Every health care provider—from pediatricians to geriatricians— has seen how homelessness affects health. The disordered lives of homeless patients disrupt appointment-keeping and medication adherence, even as they generate need for more treatment by driving health challenges like depression, high blood pressure, and hospitalizations. 

Some health systems have begun to address the link between homelessness and health. One Boston health system, for example, announced plans to subsidize housing for the patients for whom it is accountable, to give this population some measure of the shelter and stability necessary for good health. 

This is an example of a growing practice among health systems, which are beginning to address the foundational forces that shape health. Their reason for doing so is partly financial. For example, Medicaid, in some states, adjusts payments to hospitals based on whether a patient is homeless—homelessness is treated like any other complicating diagnosis, an additional cost of care. So health systems can lose money if they do not collect and appropriately bill for housing status. But there are also more charitable reasons for health systems’ new focus, including the possibility that collecting information like homeless status can drive new program development and position the health systems to help fix under- lying economic and social problems, toward the ultimate goal of improving patients’ health. 

Perhaps, at core, health systems are addressing health at the level of root causes because they have to.

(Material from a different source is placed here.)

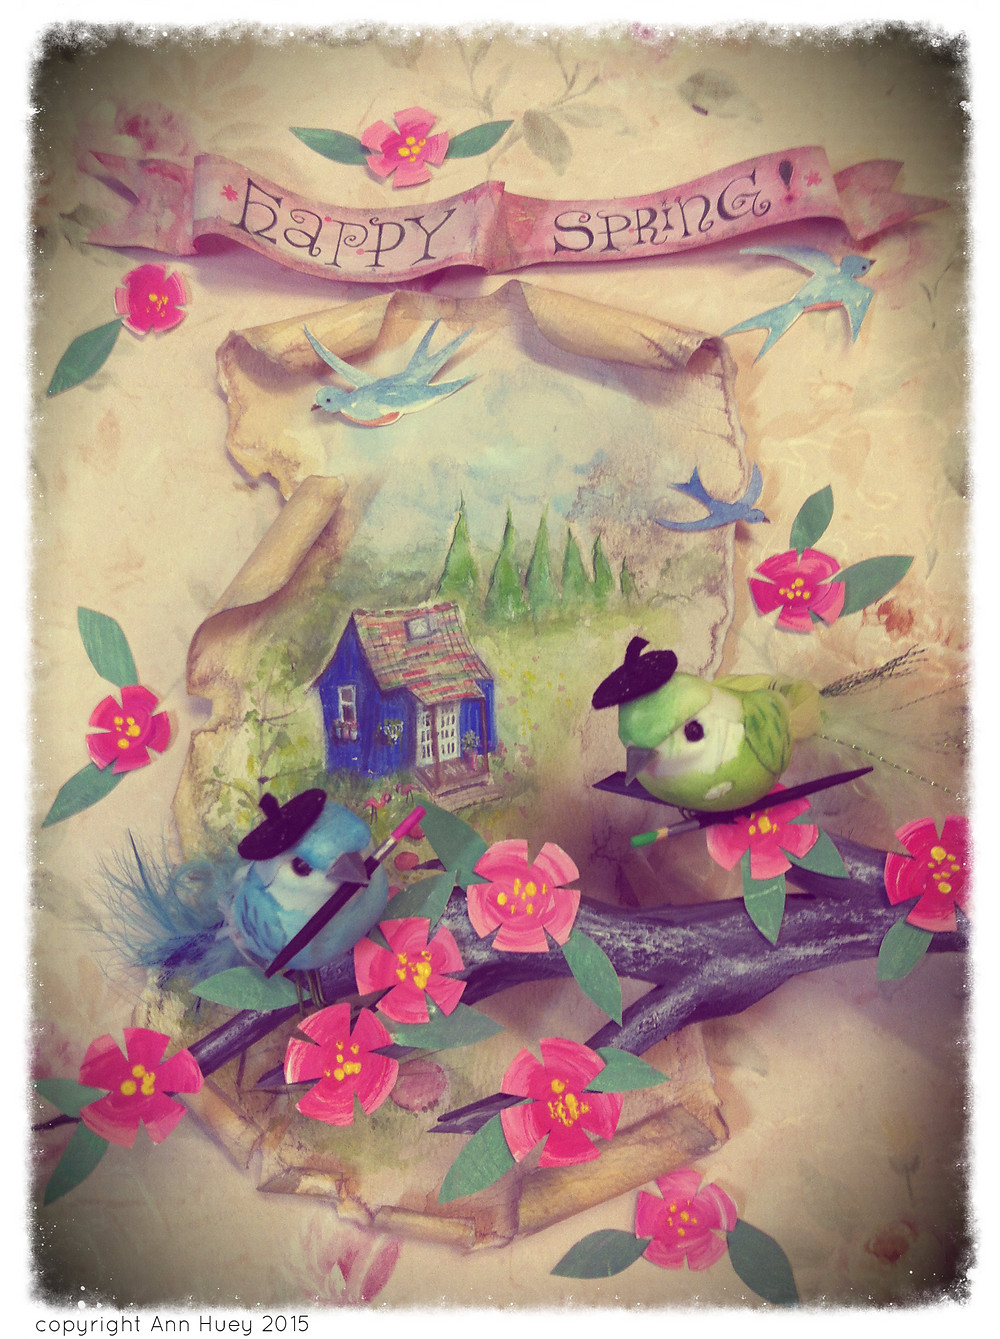 Happy Spring by Ann Huey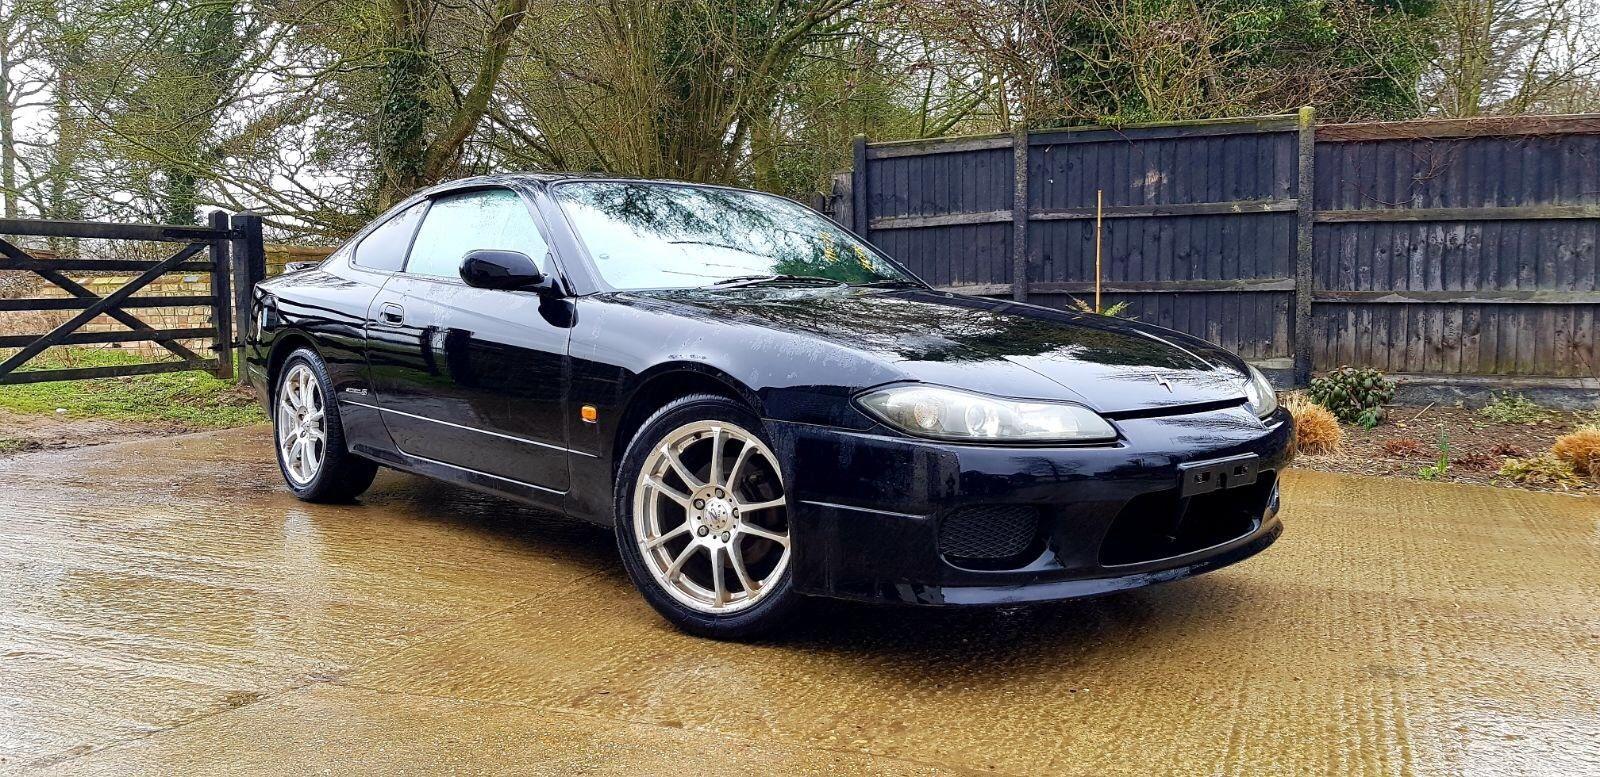 Nissan Silvia S15 Spec S Fresh Import Great Project Car | Nissan ...

As a society, we tend to forget that health is a public good supported by our collective investment in resources such as education, the environment, and, indeed, housing. Health systems can help us remember, by investing in these resources, to improve the health of patients. 

In many ways, health systems taking on this new role is welcome. Health systems are ubiquitous, touching all our lives. Their administrators are in a position to take the lead on creating new approaches to health. But should the onus for doing so lie solely on them? Should health systems own and run food pantries, or manage apartment buildings? Should they take on the provision of social services as part of patient care? And, in pursuit of these new services, should they risk taking resources from diagnosis and treatment, hitherto the centerpieces of medical care? It seems self-evident that attempting to do all of this could place an undue burden on health systems and allow the responsibility of promoting health to drift from where it should really lie—on all of us. Health is our collective responsibility. Health systems can nudge us toward a better understanding of what truly shapes health, but it is ultimately our responsibility to act on that knowledge and build a world that generates health.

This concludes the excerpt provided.